Le théâtre (mais aussi le jardinage) aide à la prévention
L’art peut être une ressource puissante pour la santé publique. C’est la conclusion d’une étude publiée dans Médecine naturellequi a examiné près de 100 projets de recherche menés dans 27 pays pour évaluer comment les activités créatives et culturelles peuvent contribuer à prévenir certaines des principales causes de décès. Les résultats indiquent que les programmes artistiques (par exemple, une pièce de théâtre sur une alimentation saine, un groupe de danse favorisant l’activité physique ou un projet de jardinage favorisant les relations sociales) peuvent rendre les messages de santé plus engageants, plus mémorables et plus pertinents dans la vie des gens. «Les campagnes de promotion de la santé ont souvent du mal à impliquer les gens sur le long terme. Mais lorsqu’elles sont liées à une expérience collective, agréable et créative, les chances que les gens participent et continuent à s’engager augmentent », soulignent les auteurs.

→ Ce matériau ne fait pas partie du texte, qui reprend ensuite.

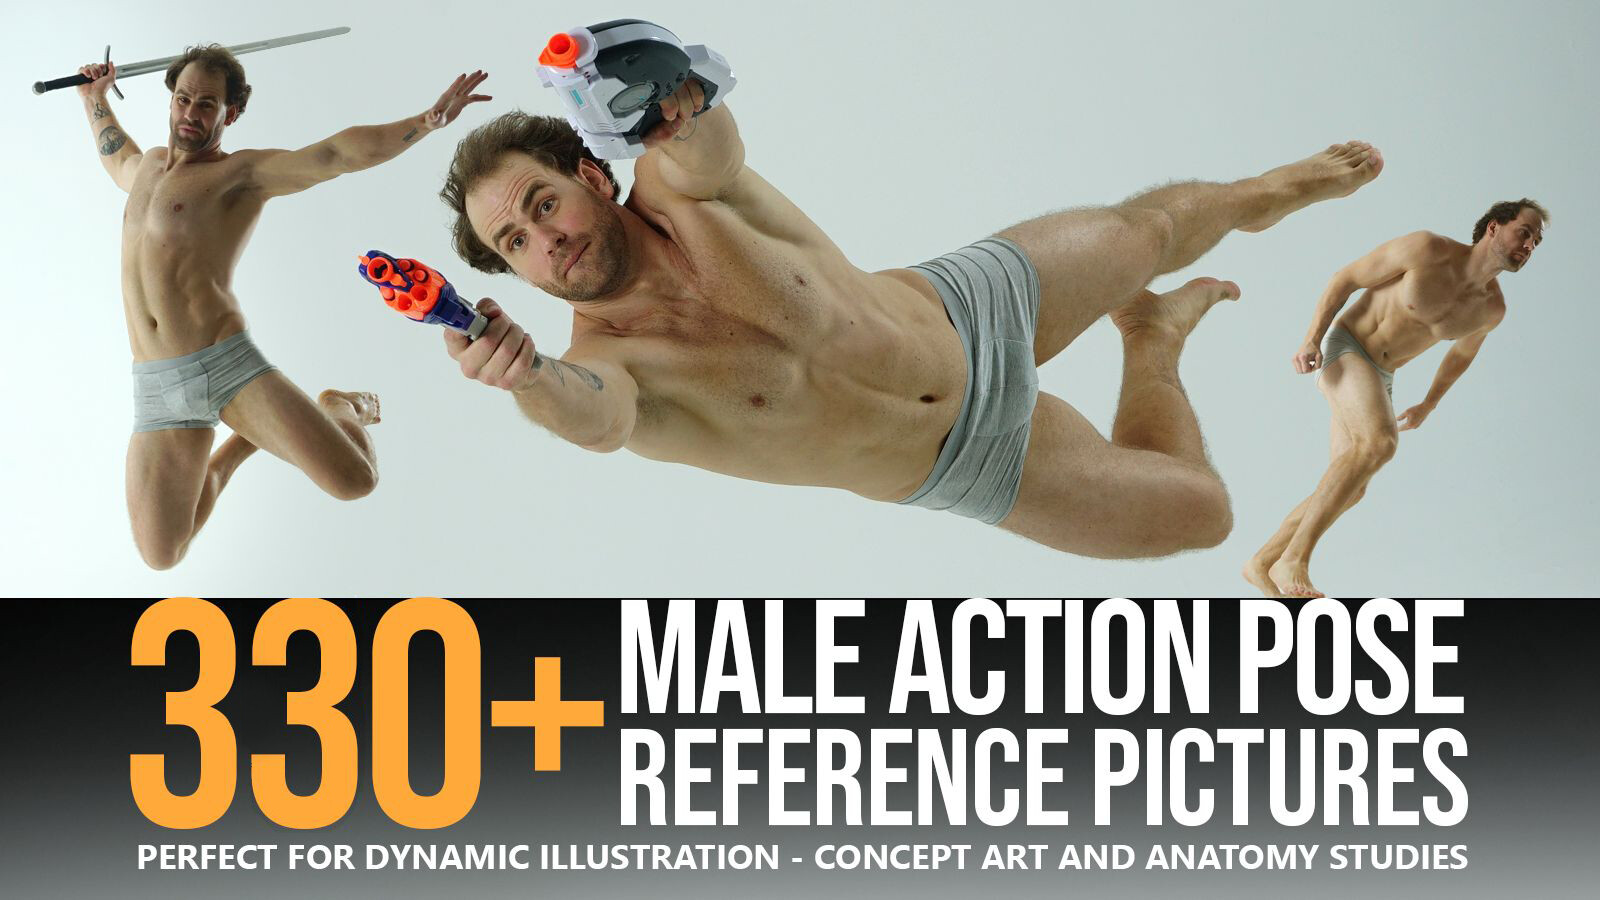 330+ MALE ACTION POSE REFERENCE PICTURES BY GRAFIT STUDIO[ARTSTATION]

Culture thérapeutique : un million d’euros par an de l’État
Le 5 février dernier, un protocole d’accord signé par le ministère de la Culture et le ministère de la Santé concernant la prescription de l’art comme traitement a été ratifié lors de la Conférence État-Régions. Un tableau technique a été établi pour fournir des données sans ambiguïté «sur l’efficacité de la jouissance de la beauté et de la prescription sociale (culturelle) également en Italie, à commencer par l’implication des personnes souffrant de pathologies telles que les pathologies neurodégénératives ou qui souffrent d’états dépressifs». Le budget 2026 a prévu un Fonds pour la culture thérapeutique et l’assistance sociale d’un million d’euros par an « pour soutenir les autorités locales et du tiers secteur, les associations, les fondations et les organisations de la société civile, qui rendent accessibles les arts du spectacle et le patrimoine culturel en tant qu’outils thérapeutiques pour apporter un soulagement aux personnes handicapées ou en situation de marginalisation sociale et à leurs familles ».